READ: The Three C's Of Underwriting Approvals

Credit Reputation

  • Credit Score
  • Foreclosures, bankruptcies, liens and/or judgments
  • Mortgage delinquencies
  • Credit delinquencies, repossessions, collections, or charge-offs
  • Credit accounts: type, age, limits, usage and status of revolving accounts
  • Borrower's request for new credit in last 12 months

There is not a minimum credit score requirement, for VA Home Loans but a two-year good payment history is required. A late payment on a credit card shouldn't hurt you but a pattern of late payments, in the past 24 months, might.

Capacity

  • Debt ratios: Qualifying monthly housing expense-to-income ratio or monthly debt payment-to-income ratio
  • Salaried versus self-employed borrower
  • Cash reserves
  • Number of borrowers
  • Loan Characteristics:
    • Product: a 15 or 30 year fixed rate, , an adjustable rate mortgages,
    • Purpose of Loan: purchase or refinance (cash-out or no cash-out)

The VA also uses residual income analysis for determining "capacity". From the VA website:

The primary method of evaluating a veteran's income is the residual income method. Under this method, the underwriter determines that a veteran has sufficient income to cover day-to-day living expenses after paying housing expenses, taxes, and other debts such as car payments and credit card payments.

For example, if an 0-2 (with three years service) were receiving a base pay of $3484, a BAH of $2000 and BAS of $300, her total monthly income would be $5784. We would deduct her taxes (on the base pay), of about $800. She's single, without dependents so there are no childcare expenses. This gives her contributory income of $5084. If she had $1200 in monthly expenses (credit cards, car loans, etc), her contributory income is reduced to $3884. The VA requires a residual income of $491. In order to "trump" the debt-to-income ratio analysis, we would need residual income of 120% of that, or about $600; this would allow for a maximum housing expense of $3,200.

Using the "eight dollars per thousand" estimate, Lt (jg) Smith would be approved for a $400,000 VA home loan.

Collateral

  • Borrower's total equity or down payment
  • Property type: a 1-unit or 2- to 4- unit detached property, Condominium Unit or Manufactured Home
  • Property use: Primary Residence Only

No down payment is required for a VA Home Loan because the VA insures 25% of the balance for the lender. The VA charges the veteran a funding fee, which is added to the loan, to pay for that insurance. Why does the VA charge a funding fee?
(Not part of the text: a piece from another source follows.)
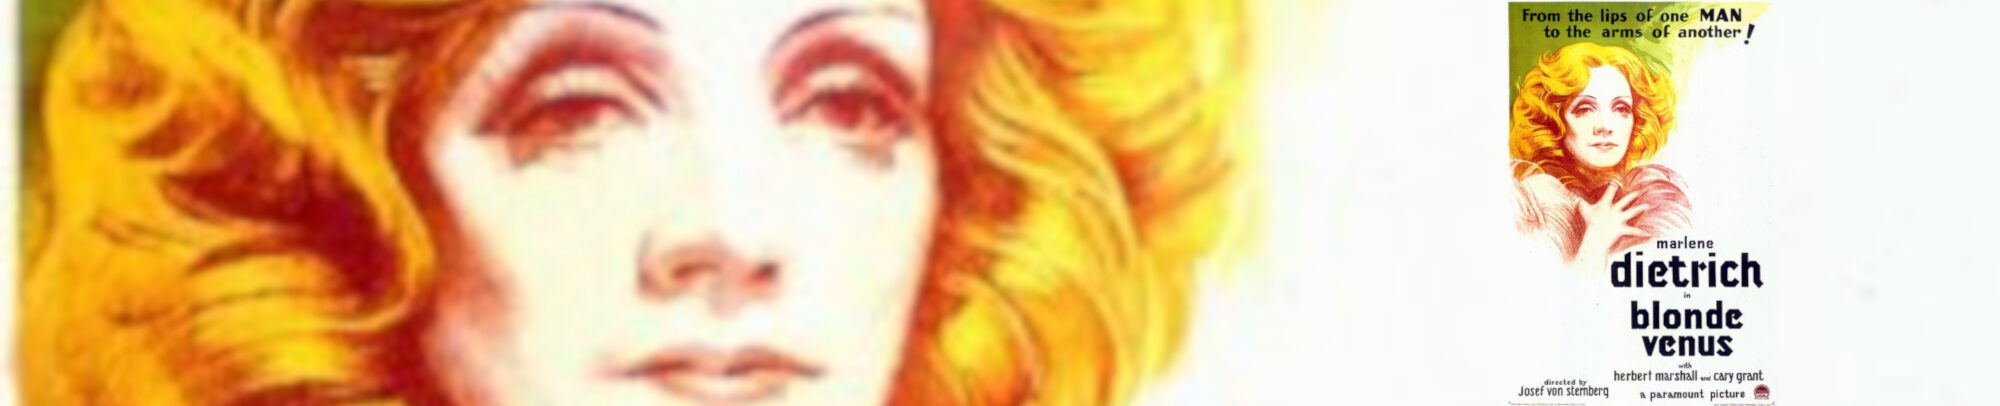 Blonde Venus Banner

The VA funding fee is required by law. The fee is intended to enable the veteran who obtains a VA home loan to contribute toward the cost of this benefit, and thereby reduce the cost to taxpayers. The funding fee for second time users who do not make a down payment is slightly higher. The idea of a higher fee for second time use is based on the fact that these veterans have already had a chance to use the benefit once, and also that prior users have had time to accumulate equity or save money towards a down payment. Second time users who make a down payment of at least 5 percent pay a reduced funding fee of 1.5 percent, the same as first time users making the same down payment. For a 10 percent down payment, the fee drops to 1.25 percent.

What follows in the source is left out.